Because of this, a great deal of patient experience work inevitably focuses on improving the communication skills of our teams. It’s worth mentioning that up until recently, many clinician education programs did not include much training on communicating with patients and families — and even less about communicating with each other. Even expert clinicians can struggle and stumble in this area. Our program at MGH helps clinicians hone these skills, but not by handing them a script. Our aim is to share key words and concepts that convey our goals of care and resonate with patients and families, but are delivered in the clinician’s own voice. When this happens, both clinicians and patients win.
Happy vs. satisfied
Perhaps the most challenging point made by the authors of the articles — especially by Dr. Fenton’s study– is that we are becoming so worried about making patients happy that we are giving them whatever they want, whether or not it is clinically appropriate. It’s a “customer is always right” paradigm. Thus, we are making patients happy — but potentially making them less healthy. And, we are making health care more expensive in the process. This is a danger with the current environment, and we must be vigilant about avoiding it.
In our experience, most patients want honesty and our best clinical advice. When patients ask about a test or prescription, what clinicians must uncover is the underlying concern for the patient and addressing those needs. And if this means advising against a particular test, medication or treatment, when communicated carefully and appropriately, the vast majority of patients will still leave our presence “satisfied.” It’s only when they leave with questions unanswered or concerns unaddressed that patients do not feel we’ve heard them and met their needs. Characterizing patient satisfaction as a choice between pandering to patients and good medicine is a false argument. There are stacks of studies to show that good communication and engaged patients are absolutely linked to superior outcomes. As further evidence to support this, many MGH providers who are the most highly rated by our patients are also skilled communicators and have stellar clinical outcomes.

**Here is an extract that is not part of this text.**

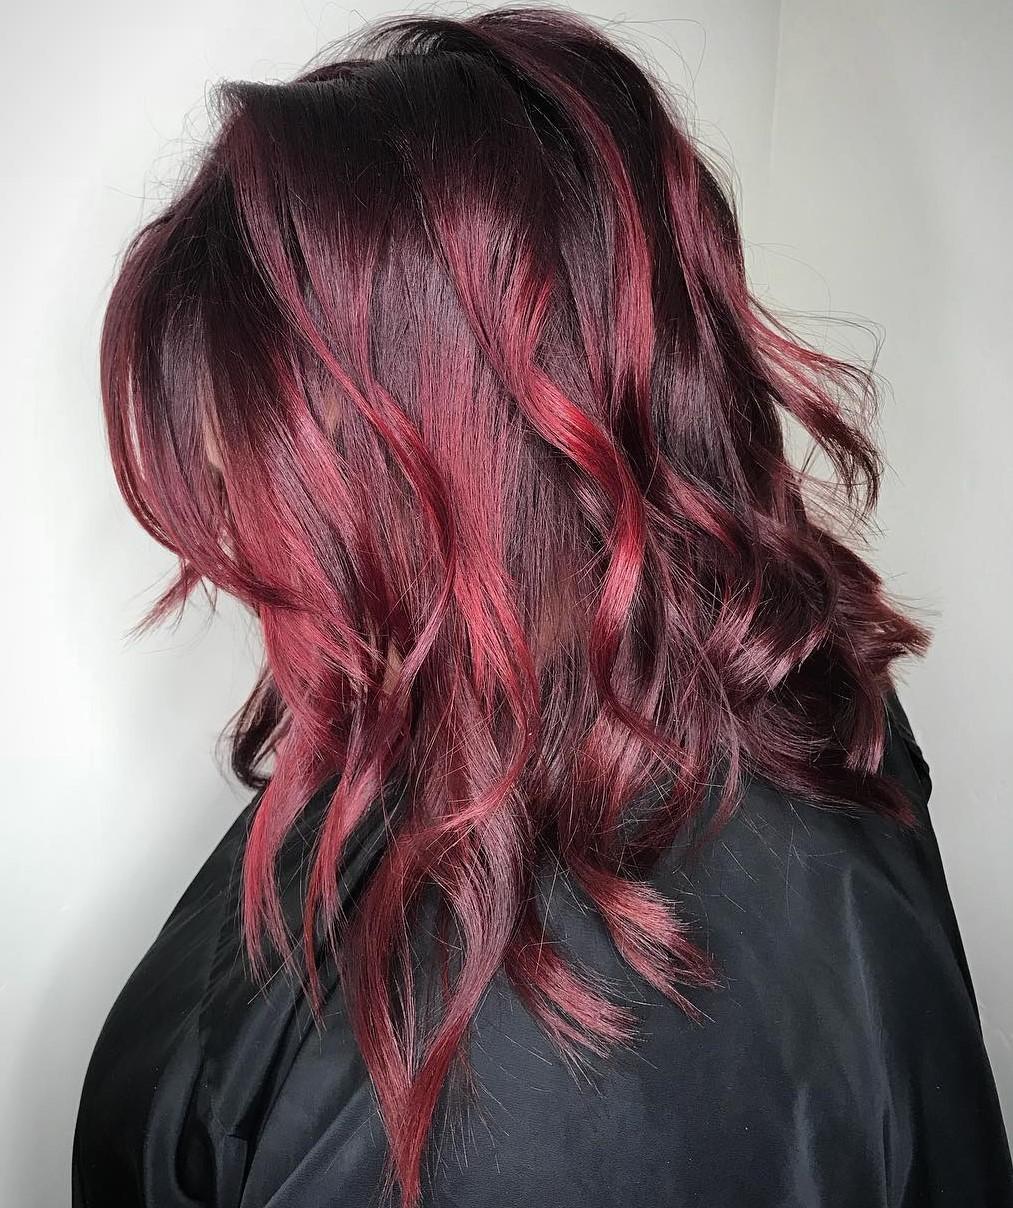 Dark Hair with Bright Burgundy Highlights

So, while I was initially frustrated with some conclusions drawn by these articles, I do believe Robbins, Punke and Fenton are doing a good thing by raising their issues. We need to listen carefully to these critiques and assure that health care remains rooted in our mission and is evidence-based. We may understandably feel the pressure of the “scoring” or “starring” our work. Our world is changing where ratings for products and services will continue to be ubiquitous. We can rail against these changes or recognize that these systems allow us an opportunity to partner with the people we are caring for and help evolve our health care system into one that is more patient- and family-centered. If we do that, the numbers will take care of themselves.
Rick Evans is chief experience officer, Massachusetts General Hospital, Boston, MA.